Exercise directions:
Return only that part of the material below which starts with the line containing "Edward Mirell Black" and goes on through the line containing "library book.jpg", restated exactly.

---------- Dataset entries

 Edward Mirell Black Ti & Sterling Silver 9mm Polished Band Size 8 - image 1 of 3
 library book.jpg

--------------------
---------- Dataset entries

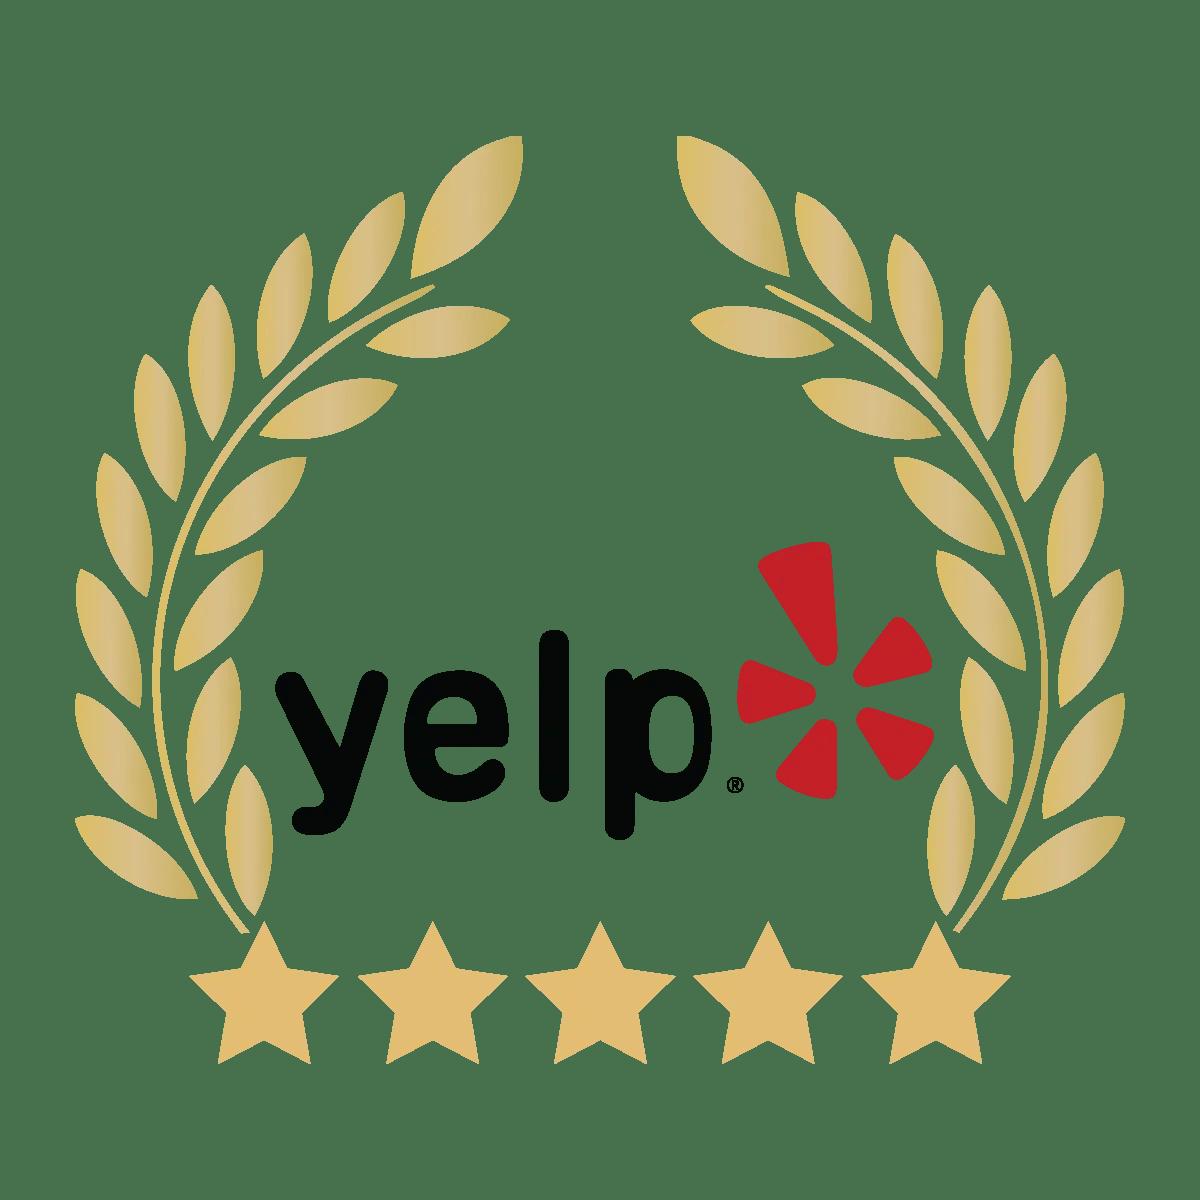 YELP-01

--------------------
---------- Dataset entries

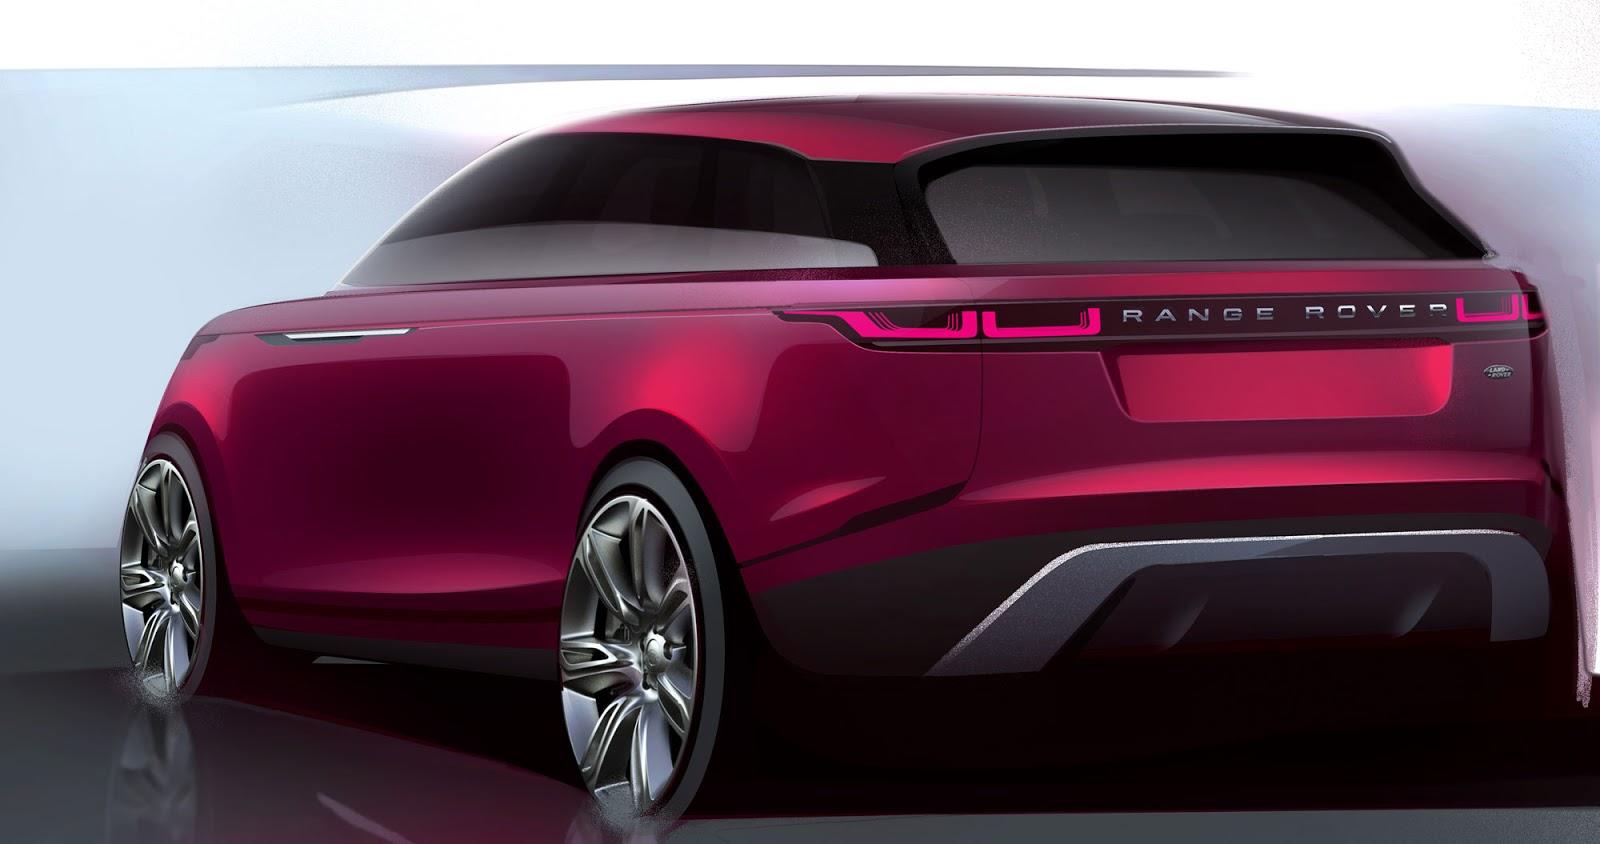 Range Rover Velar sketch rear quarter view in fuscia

--------------------

Response area:
 Edward Mirell Black Ti & Sterling Silver 9mm Polished Band Size 8 - image 1 of 3
 library book.jpg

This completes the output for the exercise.